In wavelength dispersive analysis, the single-wavelength radiation produced by the monochromator is passed into a photomultiplier, a detector similar to a Geiger counter, which counts individual photons as they pass through. The counter is a chamber containing a gas that is ionised by X-ray photons. A central electrode is charged at (typically) +1700 V with respect to the conducting chamber walls, and each photon triggers a pulse-like cascade of current across this field. The signal is amplified and transformed into an accumulating digital count. These counts are then processed to obtain analytical data.

X-ray intensity

The fluorescence process is inefficient, and the secondary radiation is much weaker than the primary beam. Furthermore, the secondary radiation from lighter elements is of relatively low energy (long wavelength) and has low penetrating power, and is severely attenuated if the beam passes through air for any distance.
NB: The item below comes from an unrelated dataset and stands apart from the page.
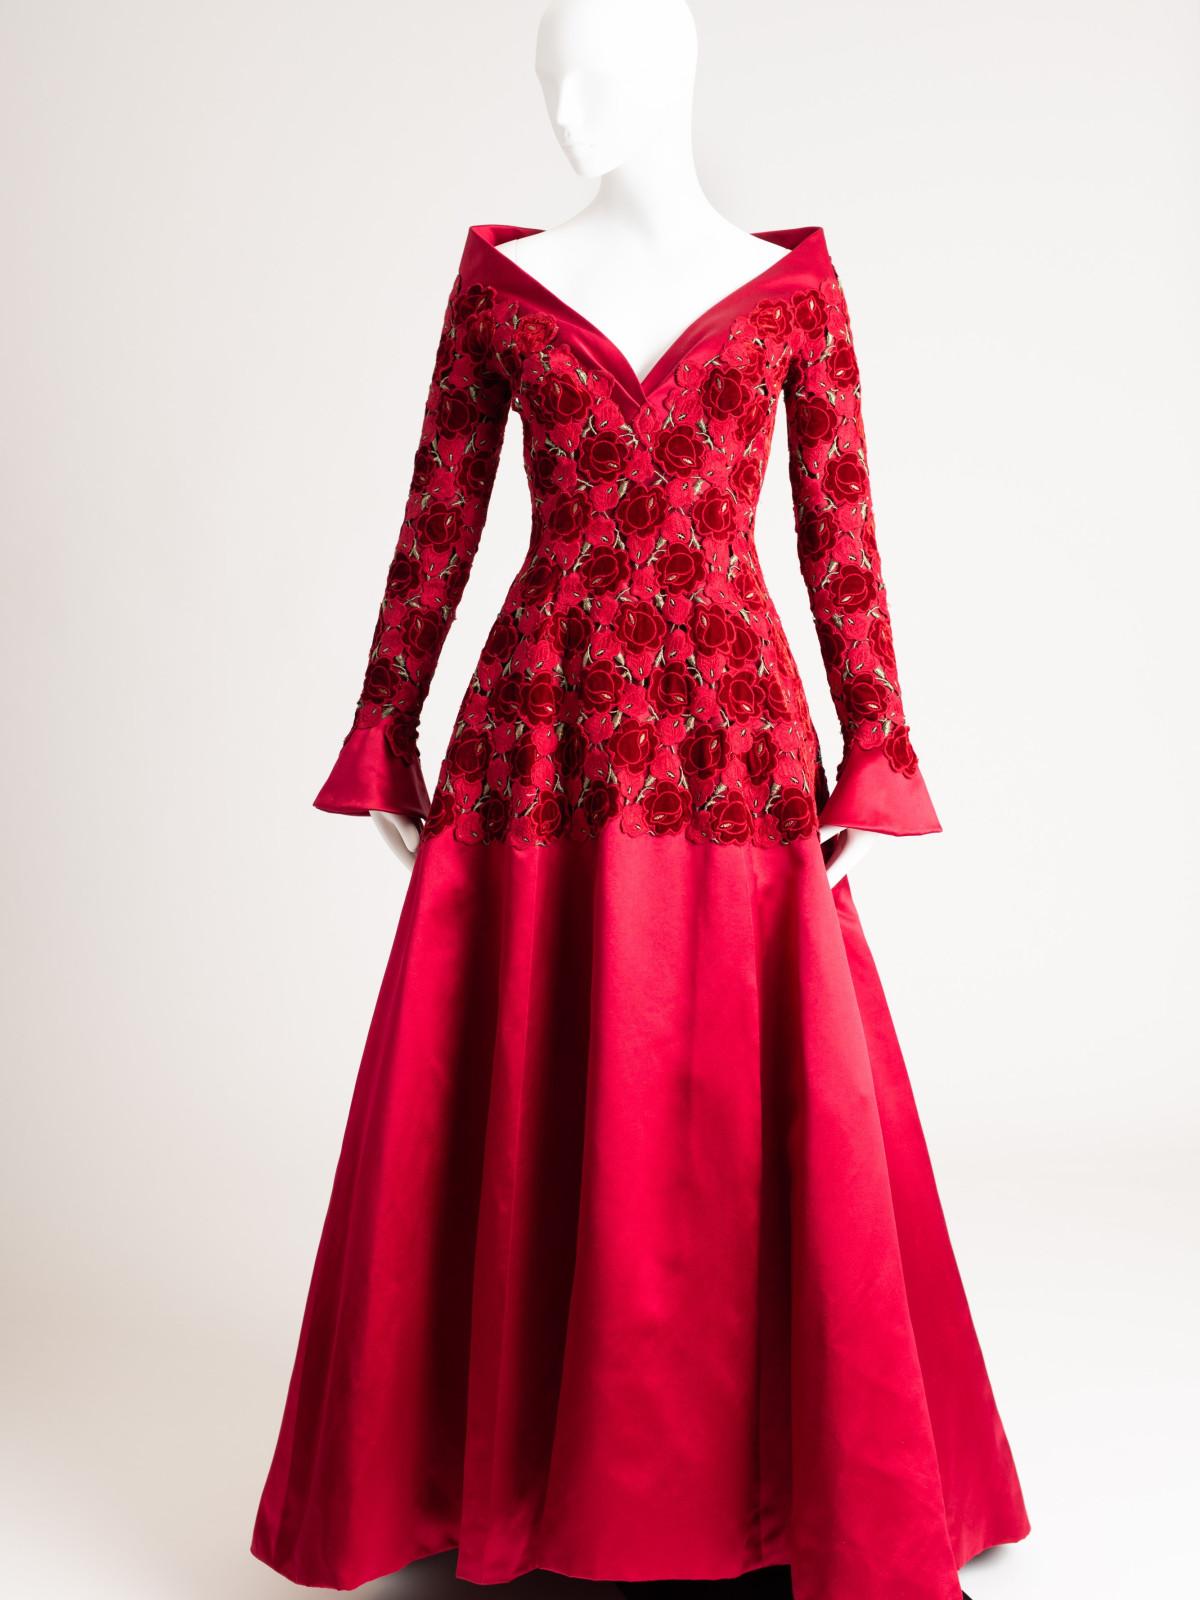 Pierre Balmain, Haute Couture c. 1991_77

Because of this, for high-performance analysis, the path from tube to sample to detector is maintained under vacuum (around 10 Pa residual pressure). This means in practice that most of the working parts of the instrument have to be located in a large vacuum chamber. The problems of maintaining moving parts in vacuum, and of rapidly introducing and withdrawing the sample without losing vacuum, pose major challenges for the design of the instrument. For less demanding applications, or when the sample is damaged by a vacuum (e.g. a volatile sample), a helium-swept X-ray chamber can be substituted, with some loss of low-Z (Z = atomic number) intensities.

Chemical analysis

The use of a primary X-ray beam to excite fluorescent radiation from the sample was first proposed by Glocker and Schreiber in 1928. Today, the method is used as a non-destructive analytical technique, and as a process control tool in many extractive and processing industries. In principle, the lightest element that can be analysed is beryllium (Z = 4), but due to instrumental limitations and low X-ray yields for the light elements, it is often difficult to quantify elements lighter than sodium (Z = 11), unless background corrections and very comprehensive inter-element corrections are made.

Figure 4: Schematic arrangement of EDX spectrometer

Energy dispersive spectrometry

In energy dispersive spectrometers (EDX or EDS), the detector allows the determination of the energy of the photon when it is detected. Detectors historically have been based on silicon semiconductors, in the form of lithium-drifted silicon crystals, or high-purity silicon wafers. 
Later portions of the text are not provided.